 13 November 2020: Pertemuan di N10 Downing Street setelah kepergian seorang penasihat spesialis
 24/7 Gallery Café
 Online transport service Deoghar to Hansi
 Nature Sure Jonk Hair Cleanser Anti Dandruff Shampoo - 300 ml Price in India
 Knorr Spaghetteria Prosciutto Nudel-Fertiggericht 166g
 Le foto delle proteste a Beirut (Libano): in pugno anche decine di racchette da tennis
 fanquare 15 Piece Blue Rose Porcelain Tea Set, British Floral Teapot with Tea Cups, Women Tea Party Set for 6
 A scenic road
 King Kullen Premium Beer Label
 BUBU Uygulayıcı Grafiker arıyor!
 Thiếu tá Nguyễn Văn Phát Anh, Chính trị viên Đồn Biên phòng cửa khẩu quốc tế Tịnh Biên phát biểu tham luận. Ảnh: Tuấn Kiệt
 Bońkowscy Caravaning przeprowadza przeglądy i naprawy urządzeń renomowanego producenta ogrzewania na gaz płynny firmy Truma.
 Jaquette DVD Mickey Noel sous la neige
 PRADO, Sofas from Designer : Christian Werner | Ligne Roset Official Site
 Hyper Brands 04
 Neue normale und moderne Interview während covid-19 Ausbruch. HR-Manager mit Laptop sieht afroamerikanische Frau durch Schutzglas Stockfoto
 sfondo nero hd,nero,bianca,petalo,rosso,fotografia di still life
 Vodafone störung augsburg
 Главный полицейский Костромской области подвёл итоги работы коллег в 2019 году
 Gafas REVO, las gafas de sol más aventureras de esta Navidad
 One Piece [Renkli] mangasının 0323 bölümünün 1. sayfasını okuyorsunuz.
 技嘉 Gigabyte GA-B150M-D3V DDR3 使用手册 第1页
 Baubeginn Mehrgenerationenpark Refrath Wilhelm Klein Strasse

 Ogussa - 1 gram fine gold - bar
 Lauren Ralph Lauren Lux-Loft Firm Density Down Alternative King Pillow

+ + + +

### TASK ITEM:
Each line of the material that contains the string "King" has to be copied out.

### ANSWER SPACE:
 King Kullen Premium Beer Label
 Lauren Ralph Lauren Lux-Loft Firm Density Down Alternative King Pillow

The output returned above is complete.